- **WORK REQUIRED**
Before returning the data, strip out the pictures and keep everything else exactly the same.

::: SOURCE DATA :::

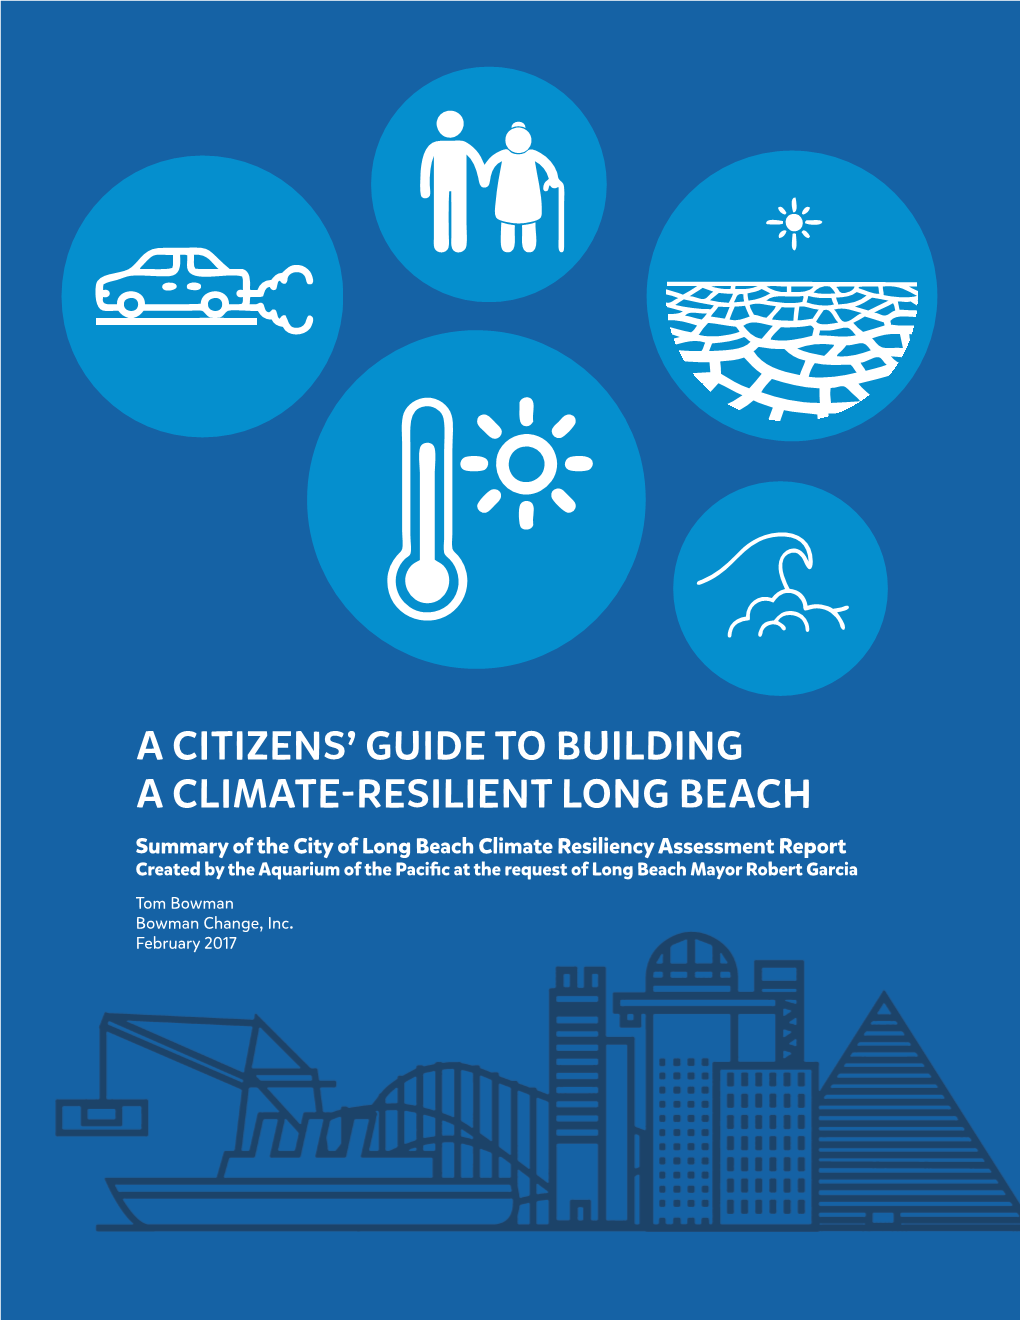 A Citizens' Guide to Building a Climate-Resilient Long Beach
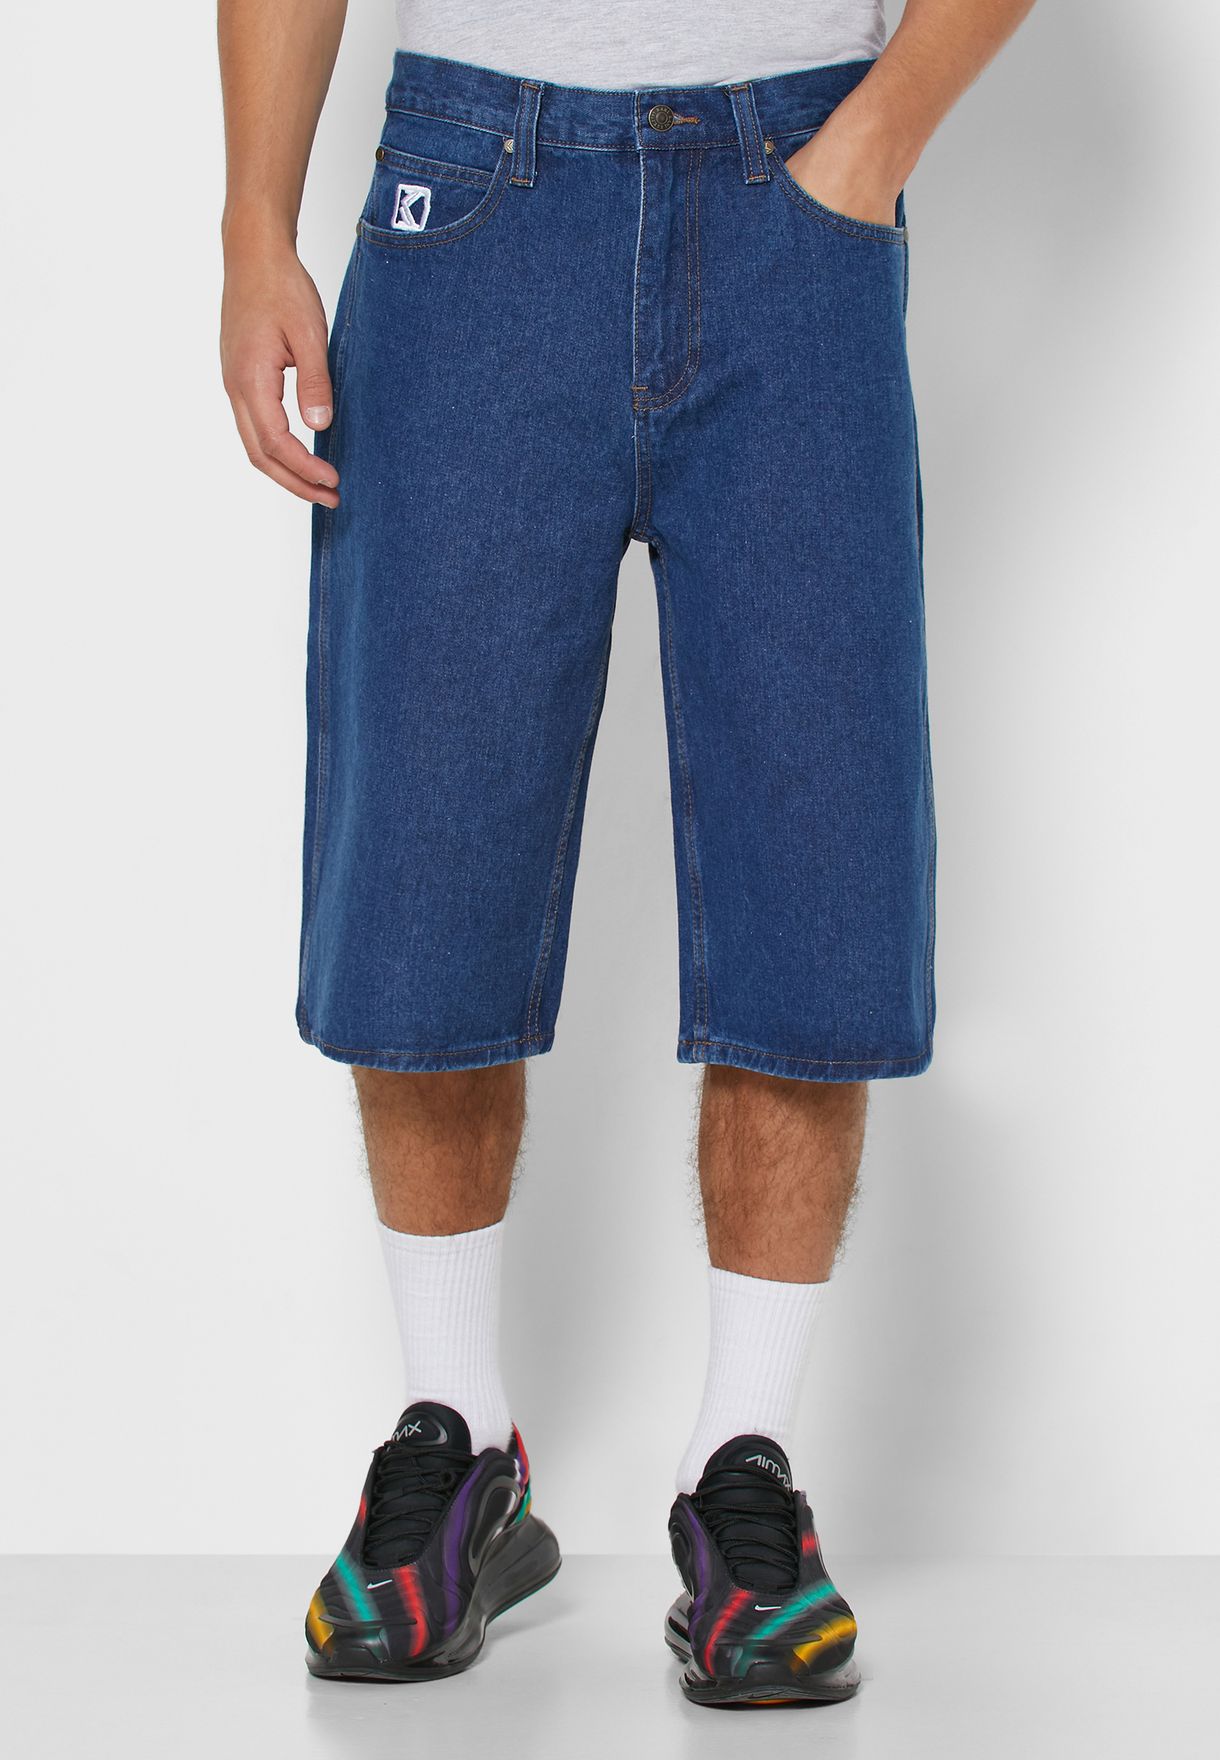 low rise jean shorts
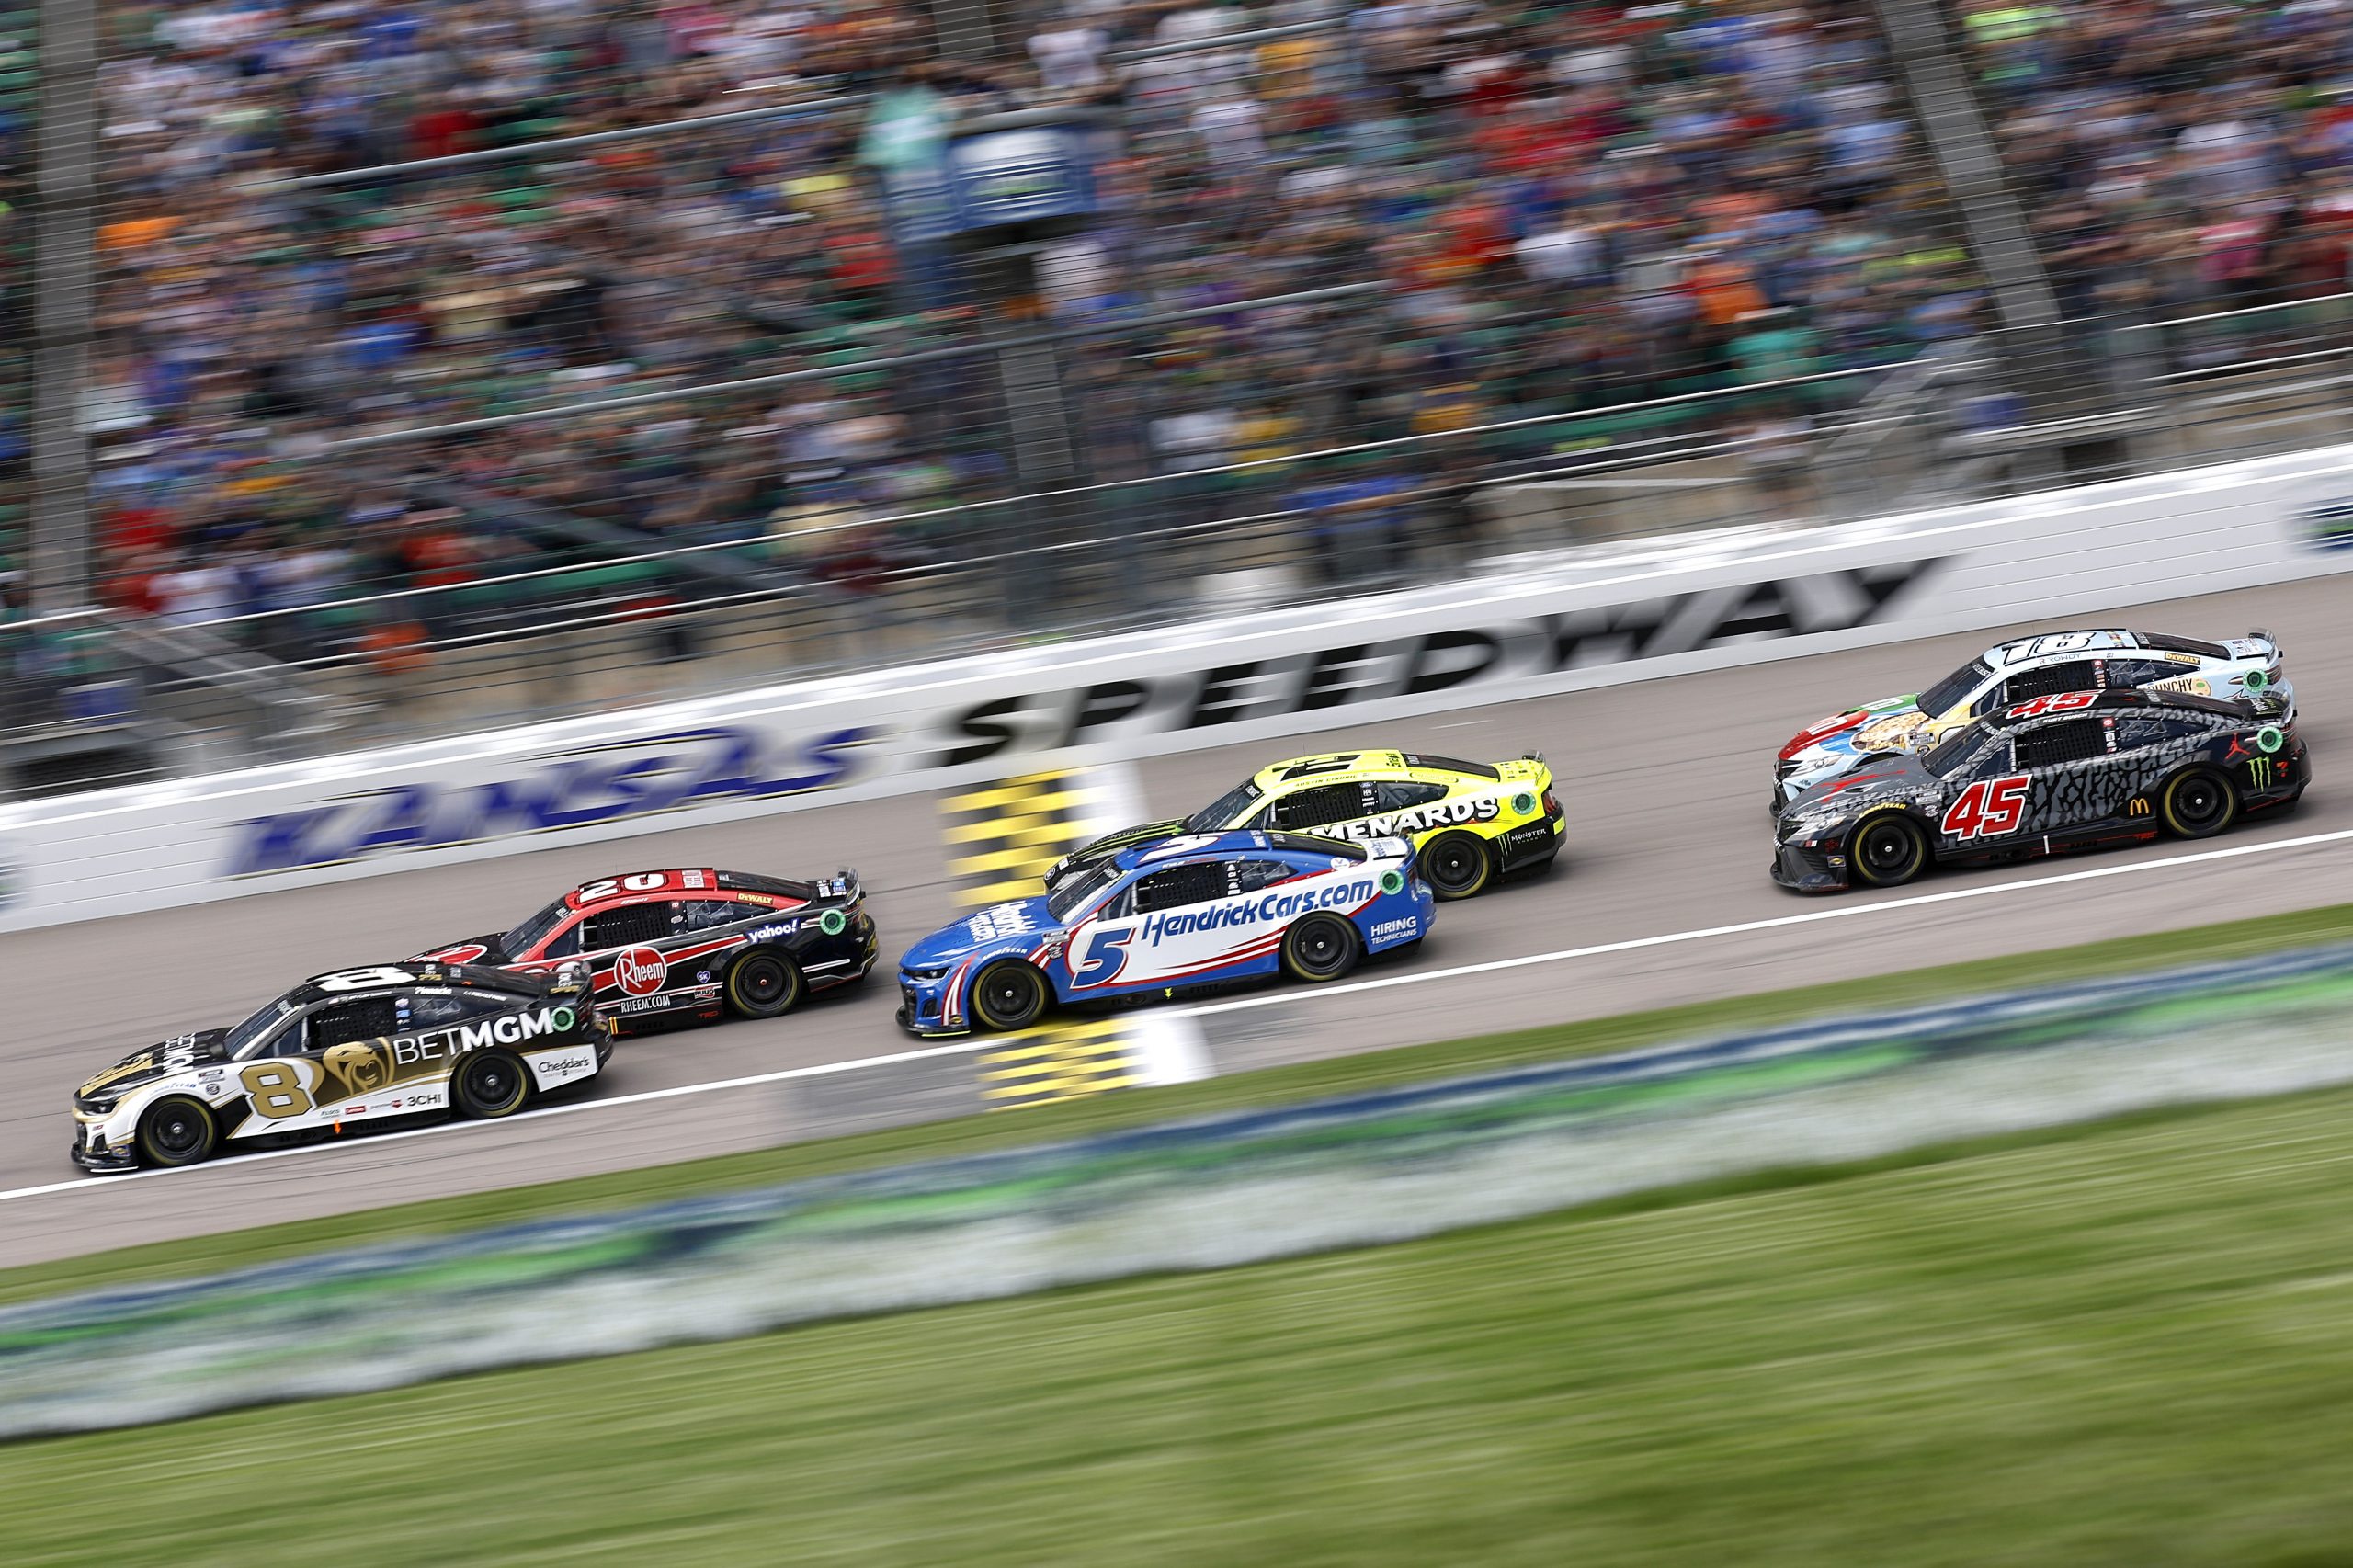 The second 2022 NASCAR Playoffs race kicks off in a somewhat cooler Kansas Speedway. (Photo: Chris Graythen | Getty Images)

:::

- **ANSWER SPACE**
 A Citizens' Guide to Building a Climate-Resilient Long Beach
 low rise jean shorts
 The second 2022 NASCAR Playoffs race kicks off in a somewhat cooler Kansas Speedway. (Photo: Chris Graythen | Getty Images)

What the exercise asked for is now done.